At the peak of gc duration:

51603.282: [Full GC51603.282: [CMS: 4940385K->4859068K(8388608K), 16.6679541 secs] 5987385K->4859068K(10276096K), [CMS Perm : 114750K->114750K(153600K)], 16.6684484 secs] [Times: user=16.66 sys=0.00, real=16.66 secs] 
51813.482: [Full GC51813.482: [CMS: 4859068K->4900085K(8388608K), 16.4928686 secs] 6116576K->4900085K(10276096K), [CMS Perm : 114750K->114750K(153600K)], 16.4933047 secs] [Times: user=16.49 sys=0.00, real=16.49 secs] 
52026.148: [Full GC52026.148: [CMS: 4900085K->4896483K(8388608K), 16.8907197 secs] 6090675K->4896483K(10276096K), [CMS Perm : 114755K->114755K(153600K)], 16.8911947 secs] [Times: user=16.88 sys=0.00, real=16.89 secs] 
52223.160: [Full GC52223.160: [CMS: 4896483K->5031826K(8388608K), 17.1507980 secs] 6559062K->5031826K(10276096K), [CMS Perm : 114763K->114763K(153600K)], 17.1513112 secs] [Times: user=17.16 sys=0.00, real=17.16 secs] 
52425.802: [Full GC52425.802: [CMS: 5031826K->5016422K(8388608K), 17.8492606 secs] 6444936K->5016422K(10276096K), [CMS Perm : 114811K->114811K(153600K)], 17.8497294 secs] [Times: user=17.85 sys=0.00, real=17.85 secs] 
52628.857: [Full GC52628.858: [CMS: 5016422K->5077701K(8388608K), 17.9003775 secs] 6606932K->5077701K(10276096K), [CMS Perm : 114812K->114812K(153600K)], 17.9027559 secs] [Times: user=17.88 sys=0.02, real=17.89 secs] 
52747.442: [GC52747.443: [ParNew: 1677824K->209664K(1887488K), 1.3771078 secs] 6755525K->5530527K(10350324K), 1.3774630 secs] [Times: user=1.64 sys=0.08, real=1.37 secs] 
52833.644: [Full GC52833.644: [CMS: 5320863K->4956574K(8462836K), 17.7157636 secs] 6575478K->4956574K(10350324K), [CMS Perm : 114826K->114826K(153600K)], 17.7162266 secs] [Times: user=17.74 sys=0.00, real=17.72 secs] 
53058.481: [Full GC53058.482: [CMS: 4956574K->5002967K(8462836K), 17.9367047 secs] 6626713K->5002967K(10350324K), [CMS Perm : 114835K->114835K(153600K)], 17.9371138 secs] [Times: user=17.92 sys=0.00, real=17.92 secs]

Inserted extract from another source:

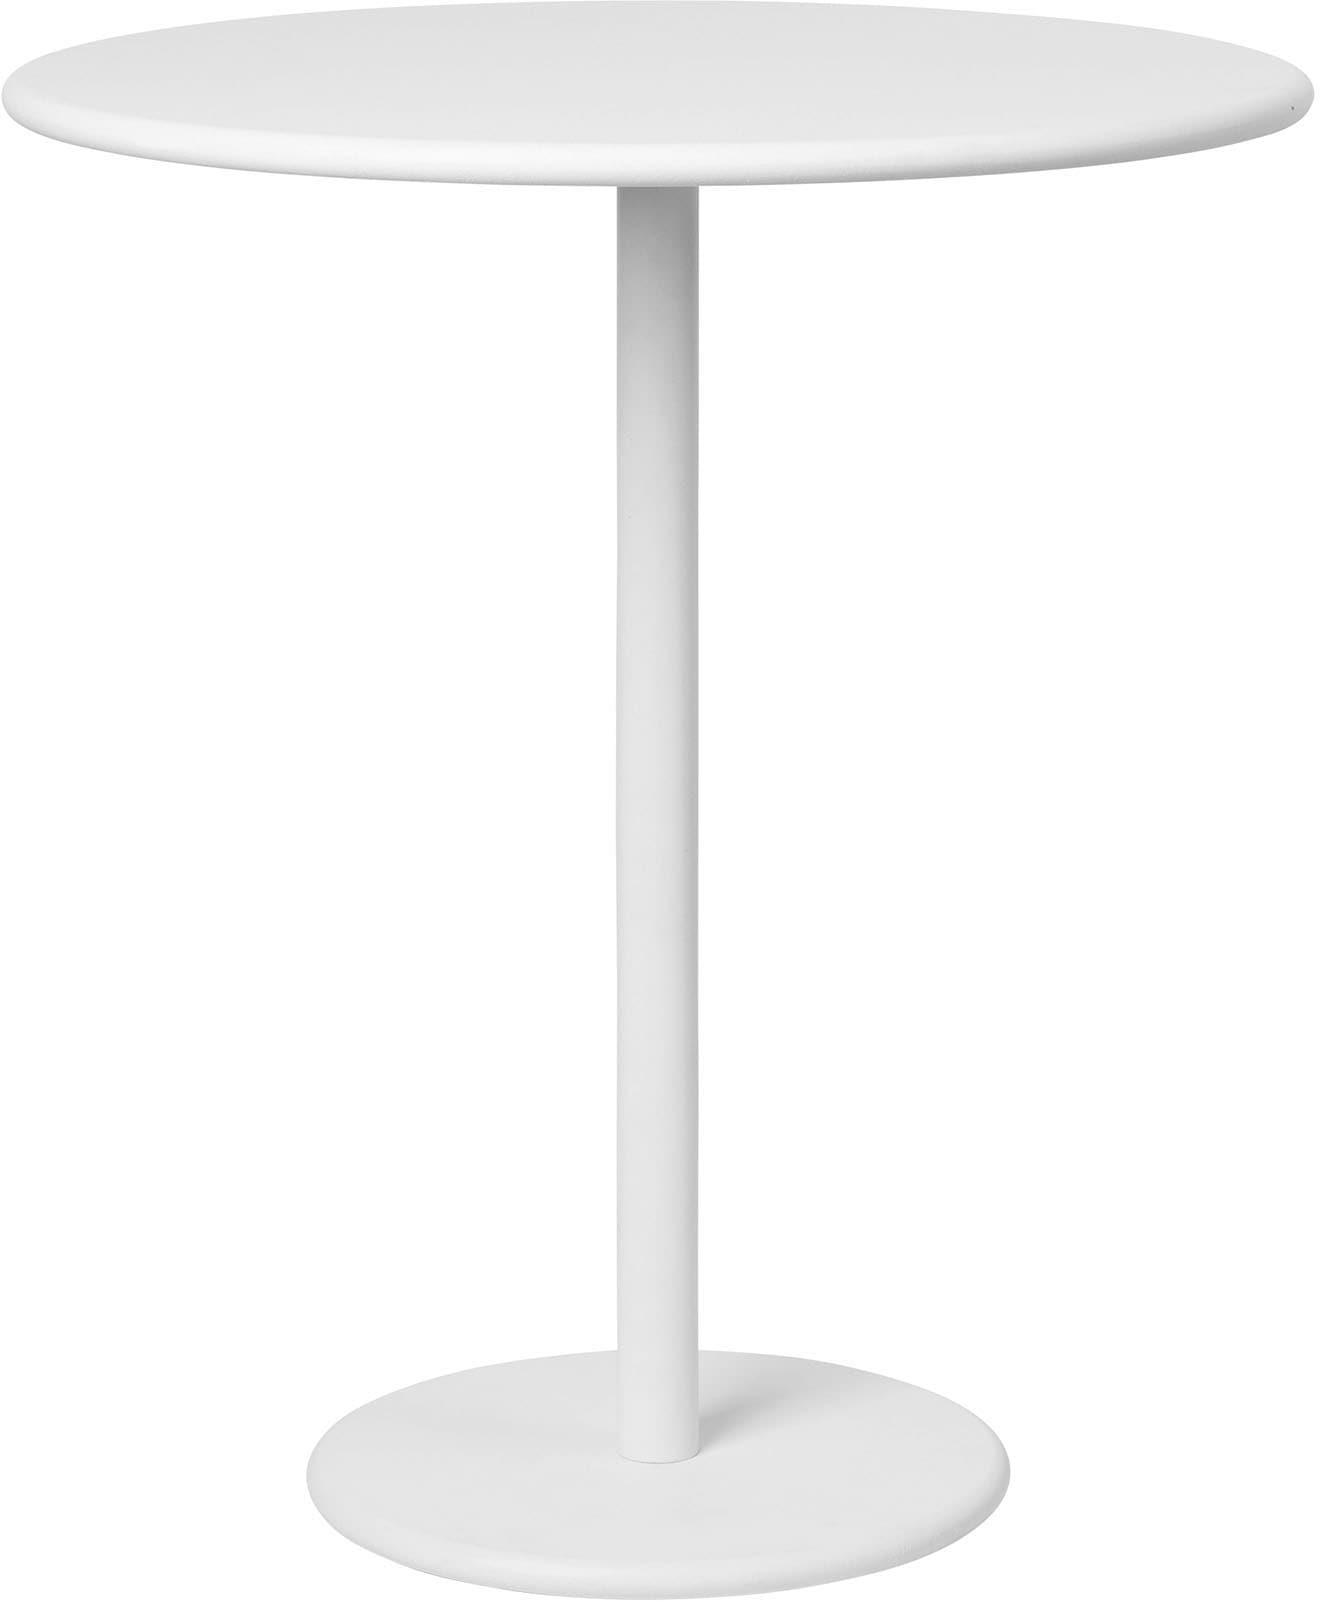 BLOMUS Beistelltisch Garten -STAY- White weiß Beistelltische Tische

Full Log: http://pastebin.ca/3409912

With no details at all about the application architecture I don't think anybody can even begin to guess. — Jim Garrison, Mar 24 '16 at 07:40
added more details; what bothers me is that there is always a full GC happening (even shortly after starting the software) — Gishan, Mar 24 '16 at 07:50
Show top or vmstat info. You need to know that it takes the computer resources. It may be iowait for example — hacker13ua, Mar 24 '16 at 08:04
Sorry hacker13ua, but I dont understand. What does top or vmstat info mean? This is a Java console application that runs under windows 24 hours and is restarted at midnight. — Gishan, Mar 24 '16 at 08:12
it seems that your heap size is too big for its original needs. 8~10g's xmx , and 2.5g~4g's xmn may fits better. — Persia, Mar 24 '16 at 08:29
@Persia I've now changed Xmn to 4g and lowered Xmx to 10g. We'll see tomorrow if that helps. Thanks for your input! — Gishan, Mar 24 '16 at 09:24
As best practice, set Xmx and Xms should be same because it will prevent JVM from re sizing the heap. Try set both of this to 8g — Sumanta Pakira, Mar 24 '16 at 15:10
Preventing heap resizing is hardly best practice. Dynamic sizing allows the JVM to meet some of its goals more easily. — the8472, Mar 24 '16 at 17:09
@Gishan when use cms, it's better to turn off UseAdaptiveSizePolicy, adaptiveSizePolicy is for parallel gc. what's the value of CMSInitiatingOccupancyFraction and CMSMaxAbortablePrecleanTime — Persia, Mar 25 '16 at 09:45
@Gishan what's the value of UseCMSInitiatingOccupancyOnly and DisableExplicitGC ? — Persia, Mar 25 '16 at 09:52
@Persia Both values are not set explicitly the jvm manages them itself — Gishan, Mar 25 '16 at 10:13
@Gishan can you add -XX:+PrintTenuringDistribution and -XX:+PrintHeapAtGC and -XX:+PrintFlagsFinal to your jvm args. then check the value of XX:CMSInitiatingPermOccupancyFraction — Persia, Mar 27 '16 at 13:48

Konstantin Pavlov · Answer 1 · 2016-03-24T08:28:55.050

0

A memory leak could cause that pauses. When the system has warmed-up you may take a snapshot of a heap (heap dump) and analyze it with tool like Eclipse Memory Analyzer. You may attach to running process with jvisualvm and try to sample/analyze memory usage. Most efficient fix is to optimize the algorithm.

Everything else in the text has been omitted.